Report No. 110
30.5. Sections 177 & 178-Need for specific rule as to bequest to debtor.-
The sections, so far as they go, are satisfactory and judicial decisions do not seem to have created any serious problems. There is one situation, however, about which a specific rule appears to be desirable. There is no provision in the Act as regards bequest to a debtor, though a bequest by a debtor is covered by section 177. It appears that in England, where the legatee of a general legacy of a share or a residue is a debtor to the estate, he is not entitled to receive the legacy without first bringing his debt into account; and, for this purpose, it makes no difference whether the debt is alive or is barred by limitation.

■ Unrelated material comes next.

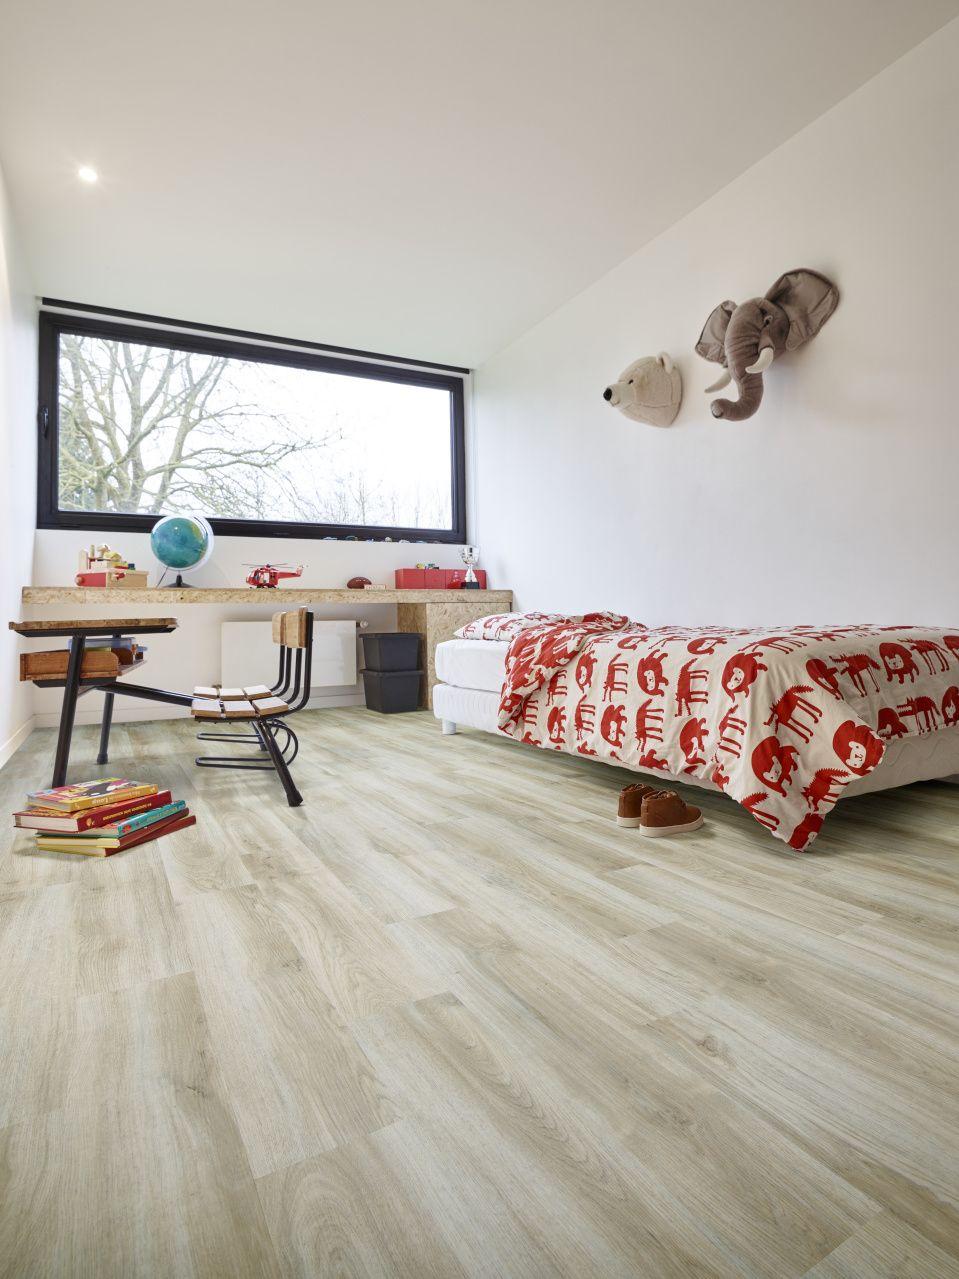 Pin Van Angeline Lim Op Spotlight Bedrooms Vloeren Slaapkamer Vloer Vinyl Vloerbedekking

A similar rule has been judicially applied in India. In a Calcutta case1, A and B were indebted to the estate, and died without satisfying their debt (the debts were barred by limitation). Their descendants claimed a share in the estate of the testator, apparently under a will. It was held that they could not be allowed to receive the share without first satisfying the debts due from them to the estate. This is really analogous to setting off the debt against the legacy. Justice and the presumed intention of the testator support such a course.
1. Loke Nath Mullick v. Odoyachzvar, 1881 ILR 7 Cal 644.

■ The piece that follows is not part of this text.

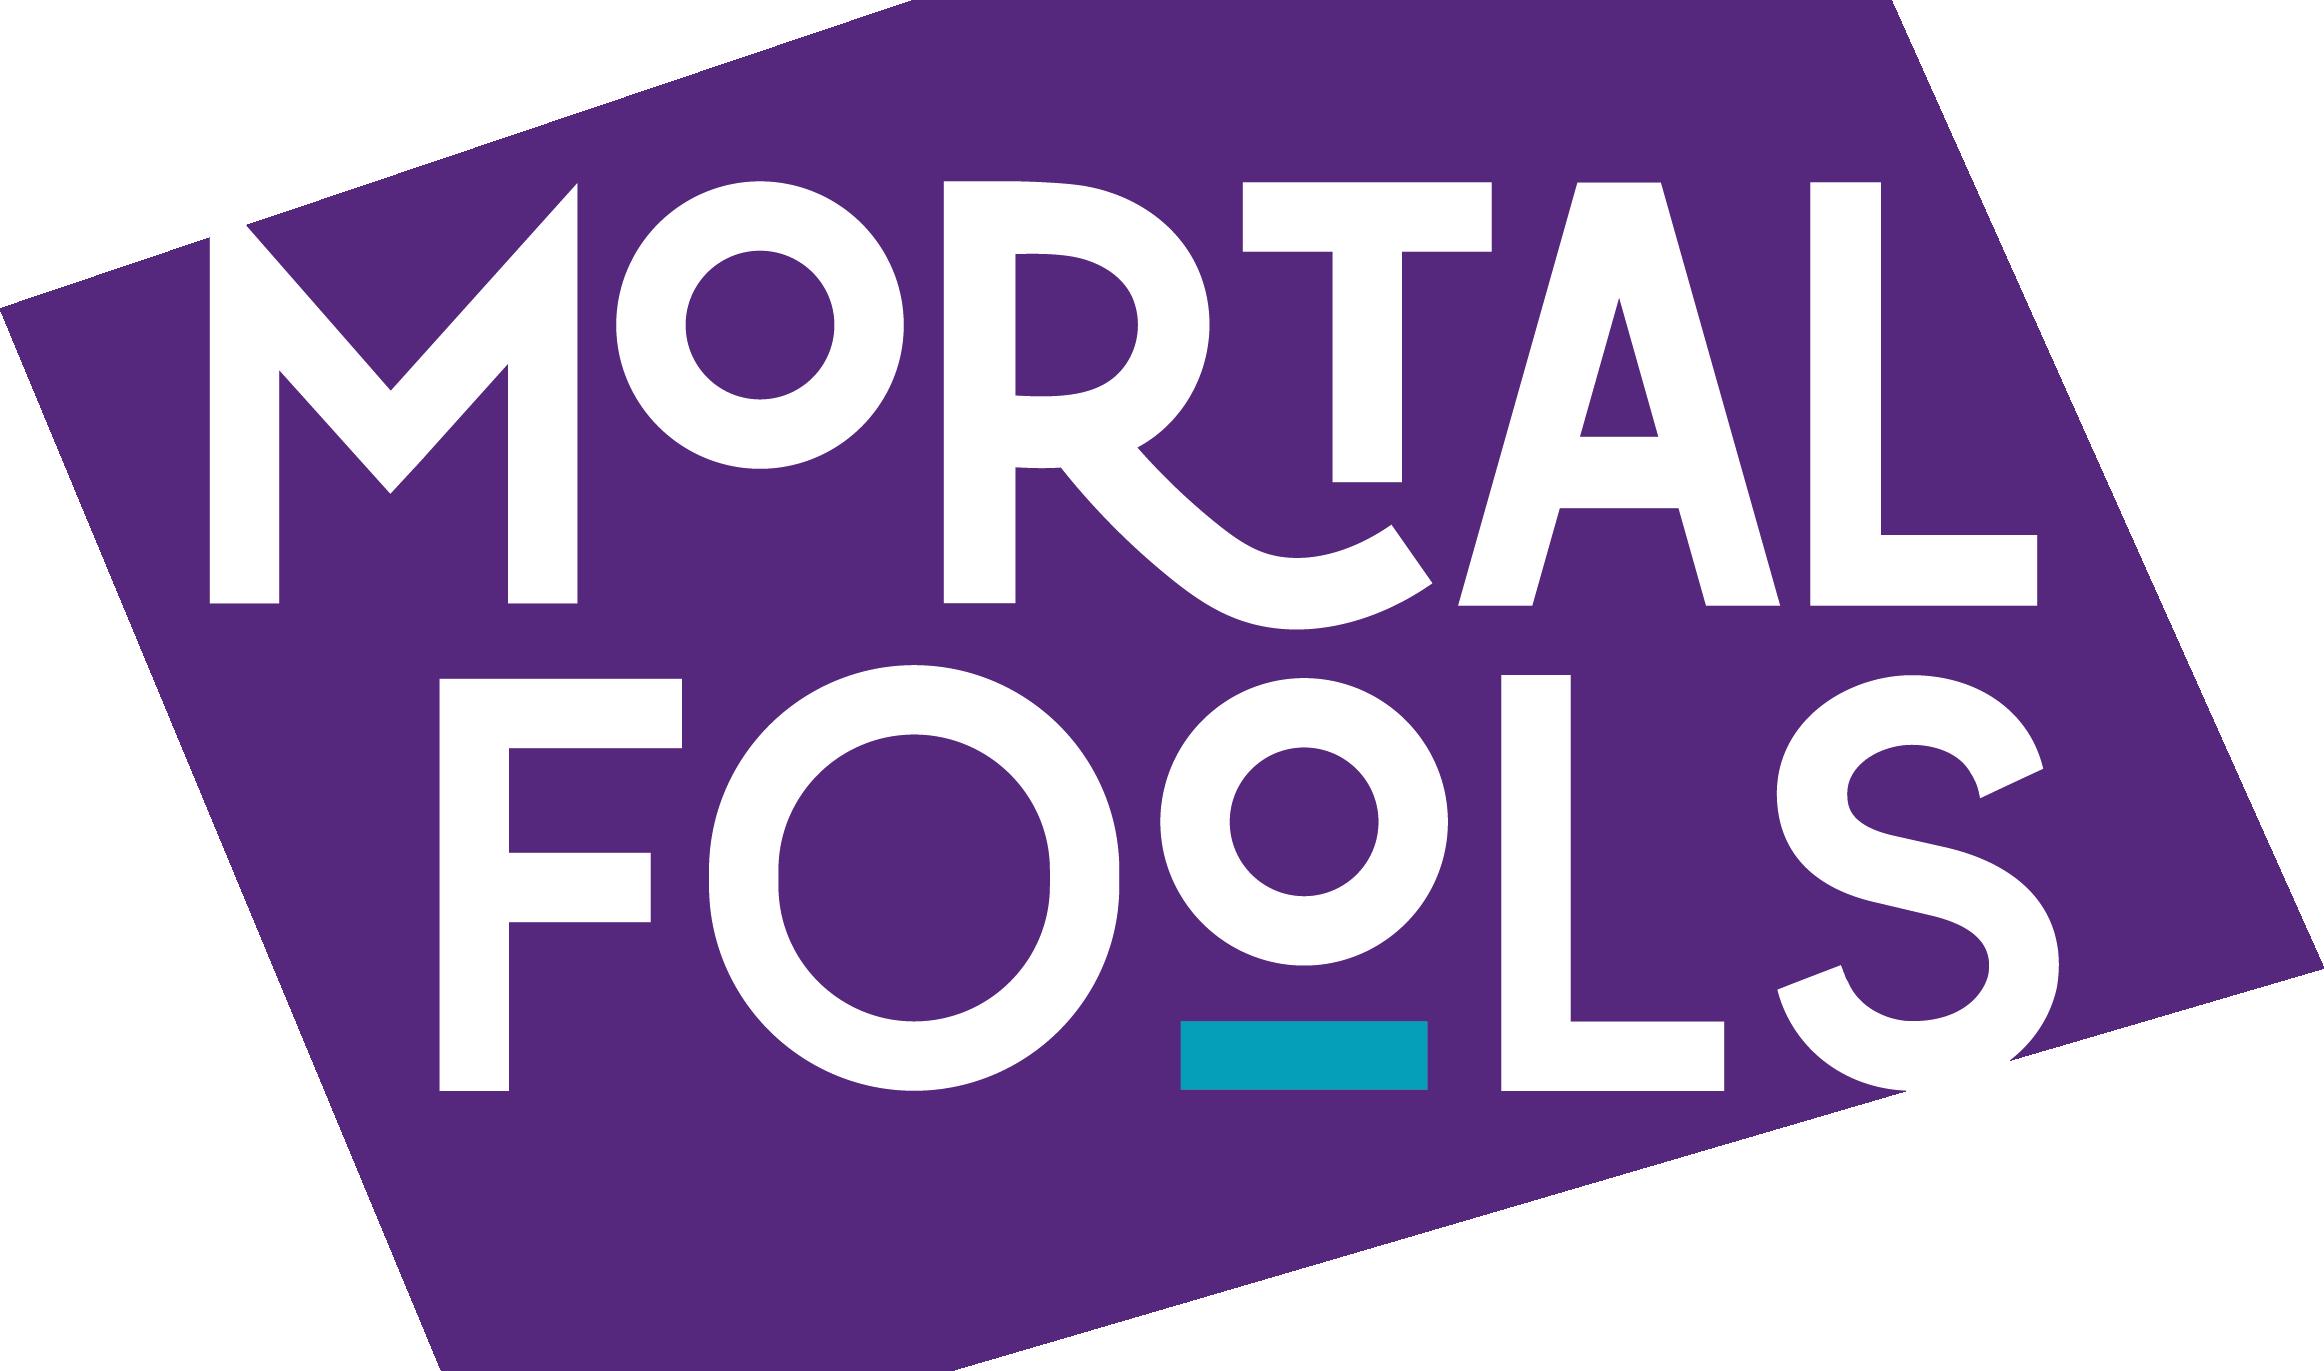 Mortal Fools logo

It may be worthwhile to codify this judicial interpretation. We recommend that for this purpose a new section 177A should be inserted as follows:-
"177A. Where a creditor bequeaths a legacy to his debtor, and it does not appear from the will that the legacy is to be paid even if the debt is not repaid by the debtor, the debtor shall not be entitled to the legacy unless so much of the debt as has become due and payable has been repaid."